# [What this task involves]
Copy out again, unchanged, the listing below from the line that has "Dark steel shade" through the line that has "This Hilarious Video".

# [Material supplied]
++++++
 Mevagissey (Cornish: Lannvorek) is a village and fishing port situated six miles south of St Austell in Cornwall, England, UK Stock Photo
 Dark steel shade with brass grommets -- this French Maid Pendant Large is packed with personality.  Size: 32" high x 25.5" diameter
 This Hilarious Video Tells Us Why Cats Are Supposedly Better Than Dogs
++++++
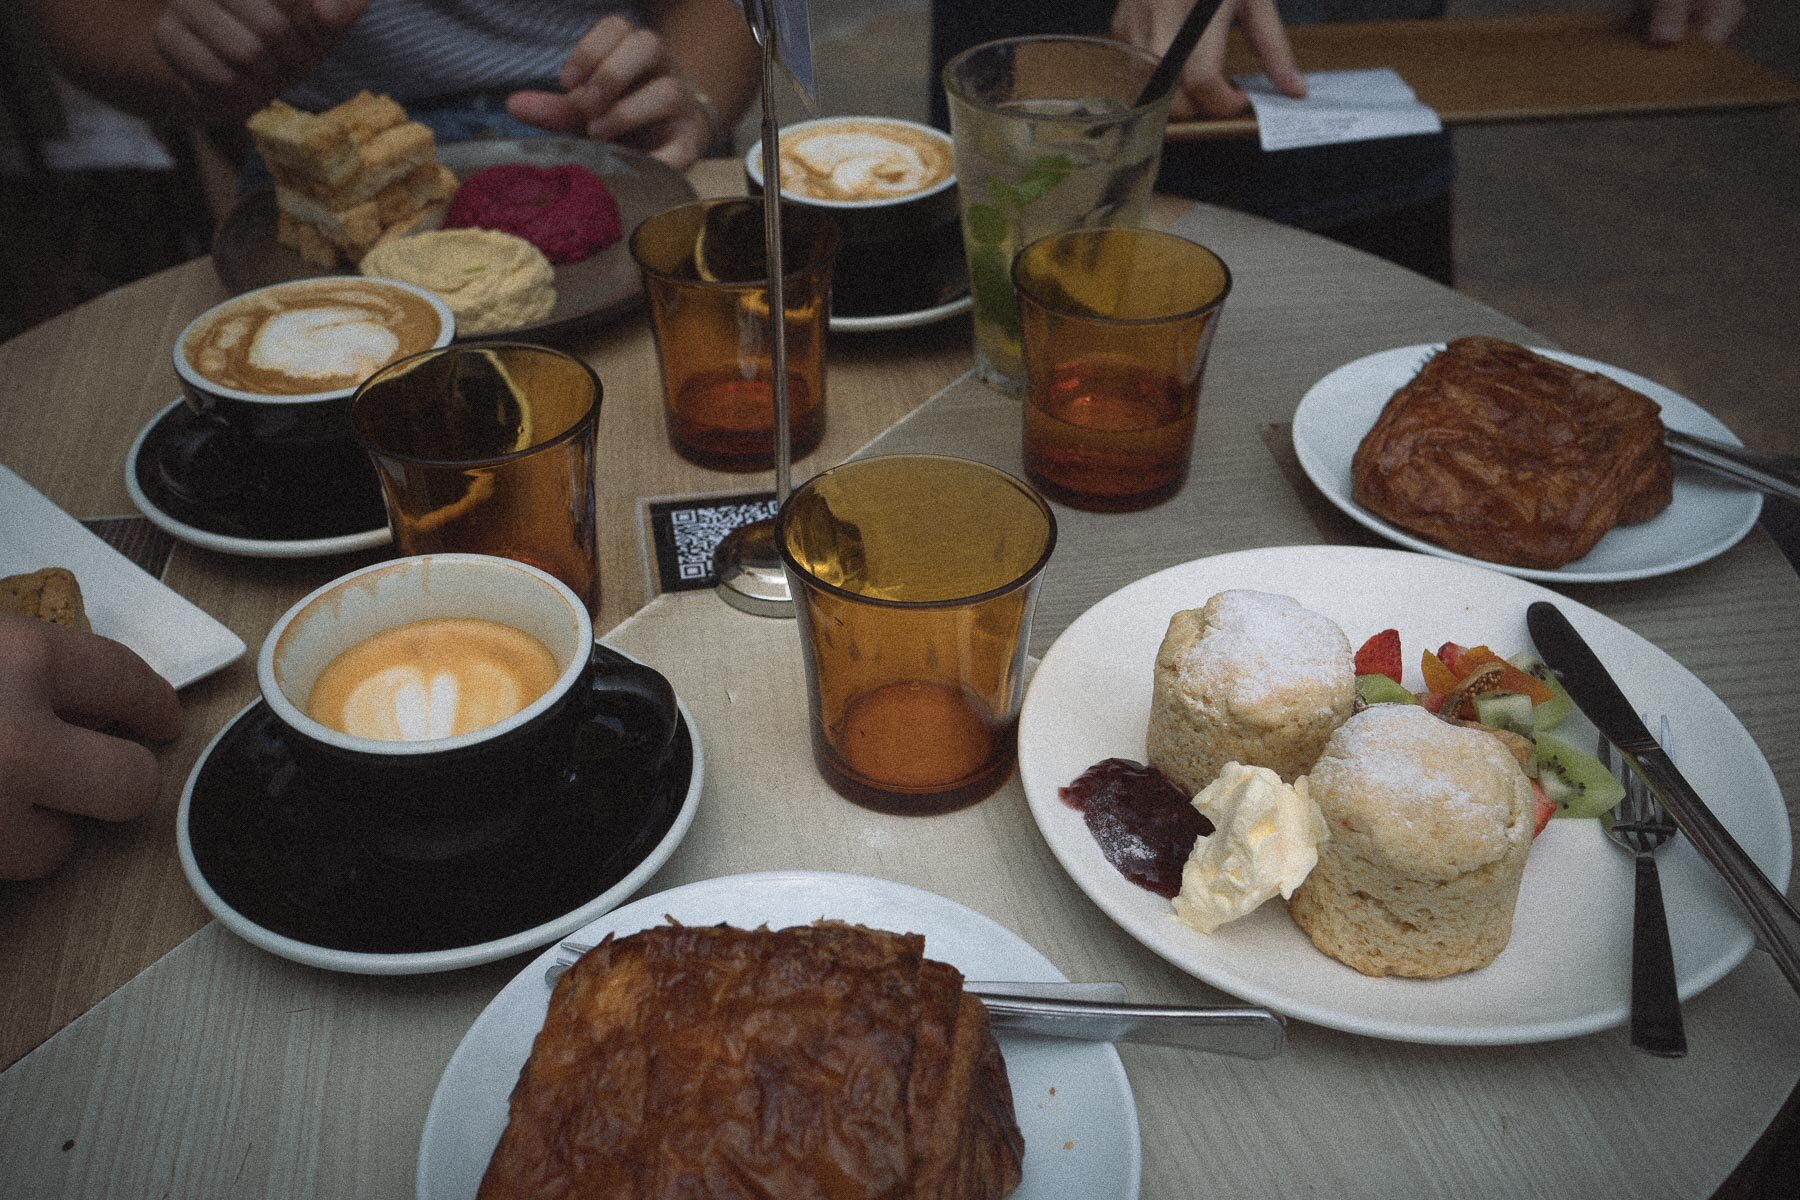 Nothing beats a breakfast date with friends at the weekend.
++++++
# [Response below]
 Dark steel shade with brass grommets -- this French Maid Pendant Large is packed with personality.  Size: 32" high x 25.5" diameter
 This Hilarious Video Tells Us Why Cats Are Supposedly Better Than Dogs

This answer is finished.